= Geopolitical ontology =

Type of dictionary

The FAO geopolitical ontology is an ontology developed by the Food and Agriculture Organization of the United Nations (FAO) to describe, manage and exchange data related to geopolitical entities such as countries, territories, regions and other similar areas.

==Definitions and examples==
An ontology is a kind of dictionary that describes information in a certain domain using concepts and relationships. It is often implemented using OWL (Web Ontology Language), an XML-based standard language that can be interpreted by computers.

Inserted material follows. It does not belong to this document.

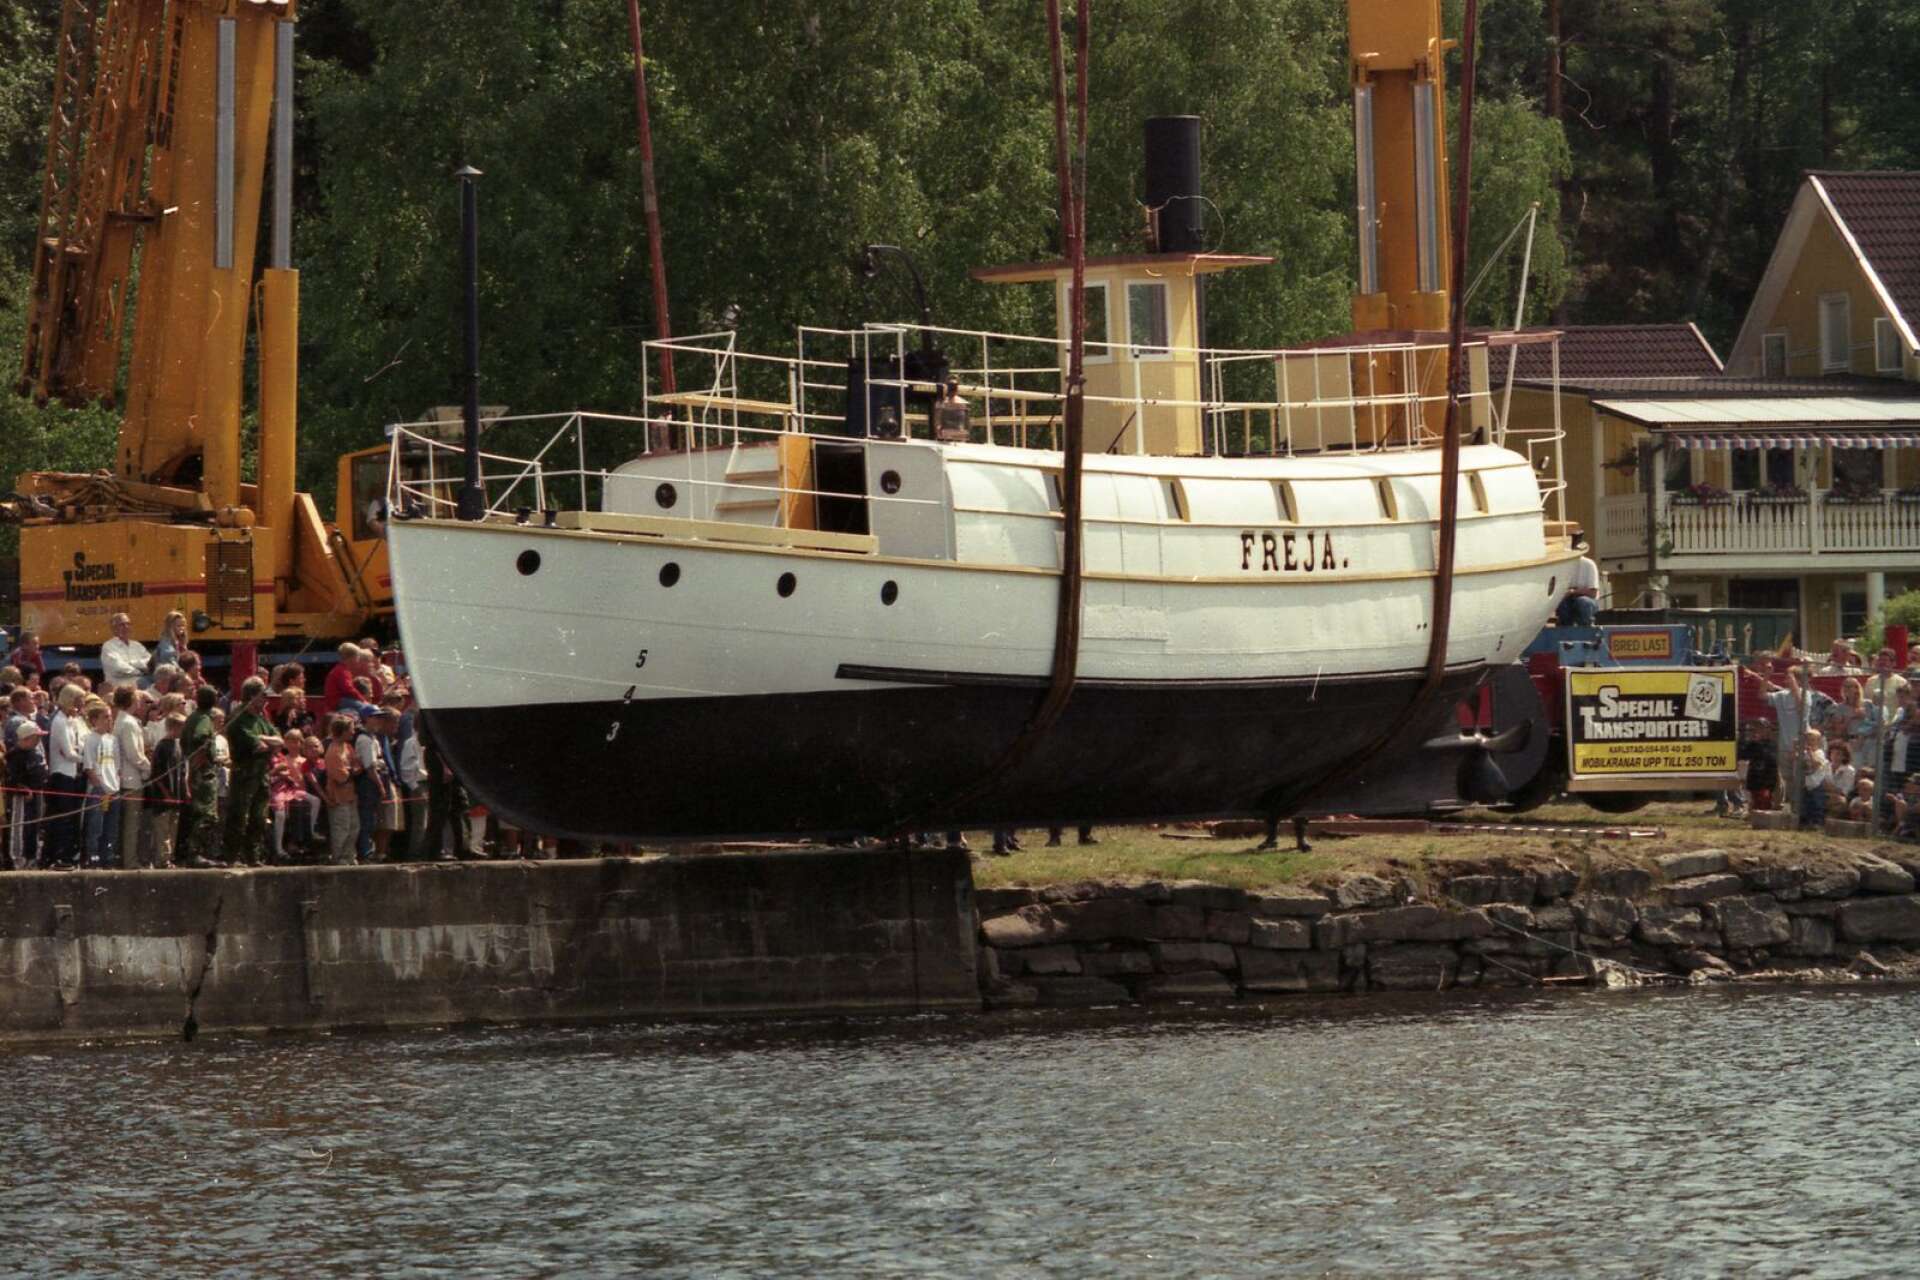 Så här såg det ut när Freja sjösattes efter renoveringen, 1997.

- A Concept is defined as abstract knowledge. For example, in the geopolitical ontology a non-self-governing territory and a geographical group are concepts. Concepts are explicitly implemented in the ontology with individuals and classes:
  - An individual is defined as an object perceived from the real world. In the geopolitical domain Ethiopia and the least developed countries group are individuals.
  - A class is defined as a set of individuals sharing common properties. In the geopolitical domain, Ethiopia, Republic of Korea and Italy are individuals of the class self-governing territory; and least developed countries is an individual of the class special group.
- Relationships between concepts are explicitly implemented by:
  - Object properties between individuals of two classes. For example, has member and is in group properties, as shown in Figure 1.
  - Datatype properties between individuals and literals or XML datatypes. For example, the individual Afghanistan has the datatype property CodeISO3 with the value "AFG".
  - Restrictions in classes and/or properties. For example, the property official English name of the class self-governing territory has been restricted to have only one value, this means that a self-governing territory (or country) can only have one internationally recognized official English name.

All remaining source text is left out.